AI’s Potential to Spot Alzheimer’s Signs in Health Data 

AI’s Potential to Spot Alzheimer’s Signs in Health Data. Credit | Getty Image
AI’s Potential to Spot Alzheimer’s Signs in Health Data. Credit | Getty Image

United States: Researchers may eventually be able to identify individuals from medical data who are more prone to get Alzheimer’s disease later in life by using artificial intelligence (AI) computer algorithms. 

 An NIA-funded study suggests that this may be accomplished by teaching specific self-educating algorithms or machine learning systems to identify dangers from electronic health records.  

Two-Step Methodology Revealed 

The underlying genetic activity and metabolic pathways that increase an individual’s risk can then be determined using the data. These results, which were published in Nature Aging, imply that this novel two-step method may aid in a better understanding of the risks connected to each individual’s case of Alzheimer’s for both researchers and caregivers. 
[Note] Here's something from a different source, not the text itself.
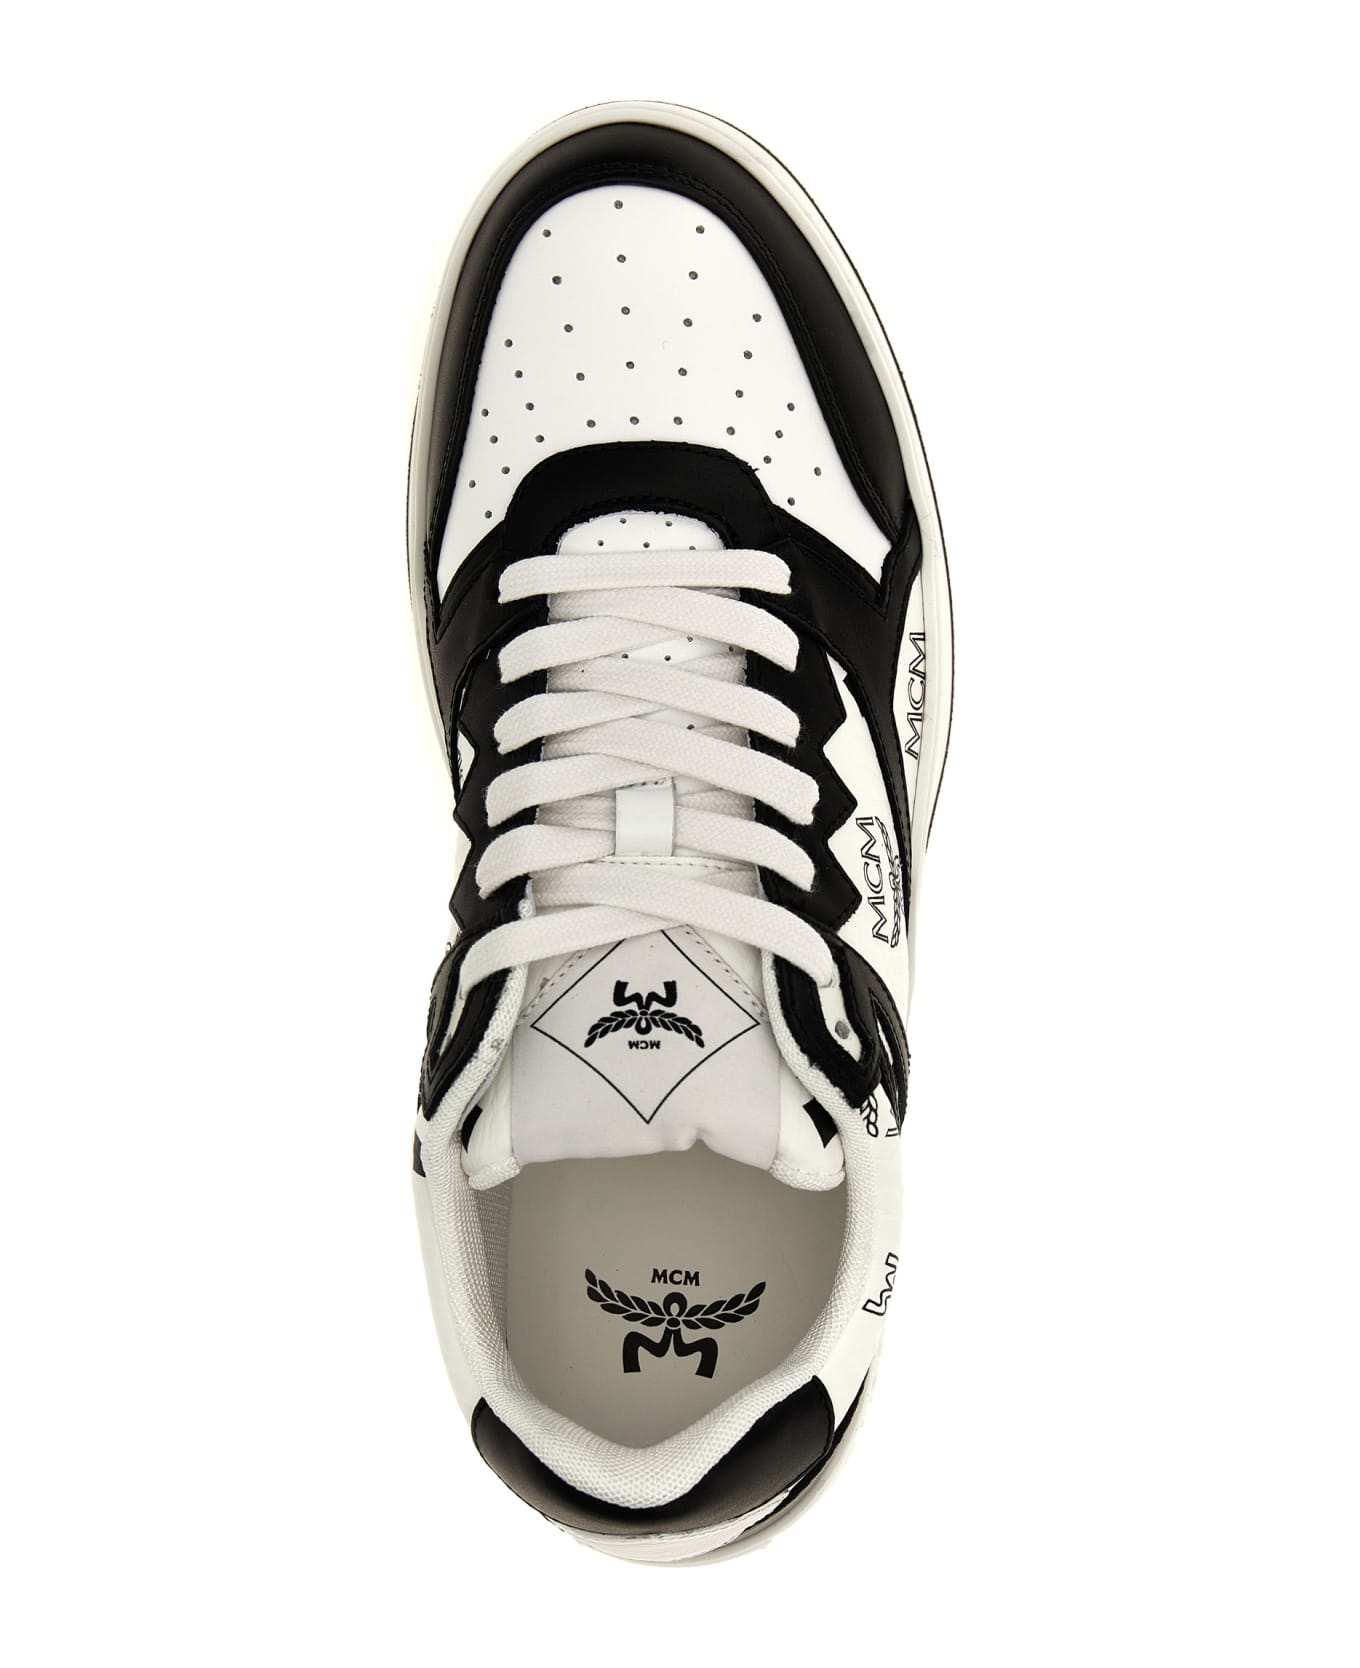 MCM 'neo Terrain' Sneakers - White/Black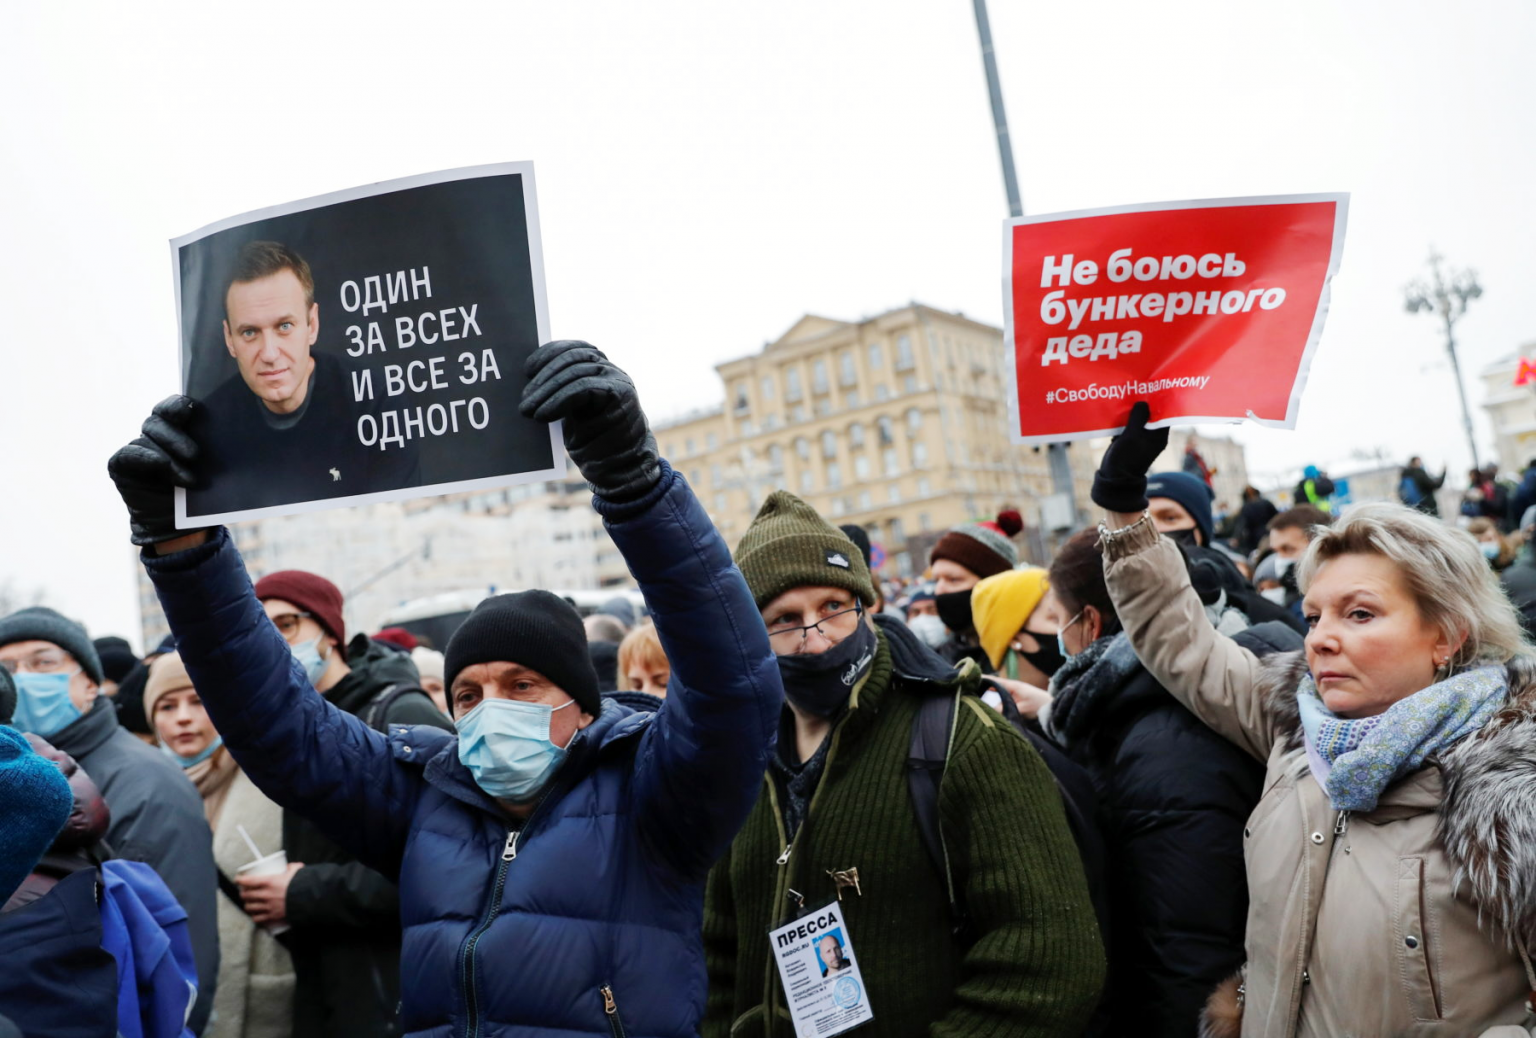 Митинг против навального

AI’s Potential to Spot Alzheimer’s Signs in Health Data. Credit | Getty Image
AI’s Potential to Spot Alzheimer’s Signs in Health Data. Credit | Getty Image

AI Algorithms in Healthcare Data 

Under the direction of experts at the University of California, San Francisco, the researchers initially taught computers using the blood test results, illness diagnoses, and other significant data that were maintained in the electronic health records of 250,545 control subjects and 749 Alzheimer’s patients. To be more precise, the researchers employed random forest algorithms—a class of computer systems that can identify patterns in data. 

Initial Findings and Accuracy 

Initial tests that are suggested that the programs are accurate at predicting Alzheimer’s risk from electronic health records and the programs are almost 70 percent  accurate at showing Alzheimer’s diagnosis seven years before one happened and about 80 percent accurate at predicting one year in advance. 

And surprisingly these predictions improved to gender, race and ethnicity and visit-related information, such as first visit age and years in the health system was incorporated into the programs. 

Expanded Predictive Factors 

Subsequent research and testing revealed that a number of variables, including high blood fat levels (hyperlipidemia), arthritis, and congestive heart failure, were consistently associated with a higher risk of Alzheimer’s disease, independent of how long before the variables were noted in the records. Other factors that were significant for predicting a diagnosis three years ahead of time were back pain, osteoporosis, and dizziness; moderate cognitive impairment and vitamin D insufficiency seemed to be important for predicting a diagnosis one year ahead of time.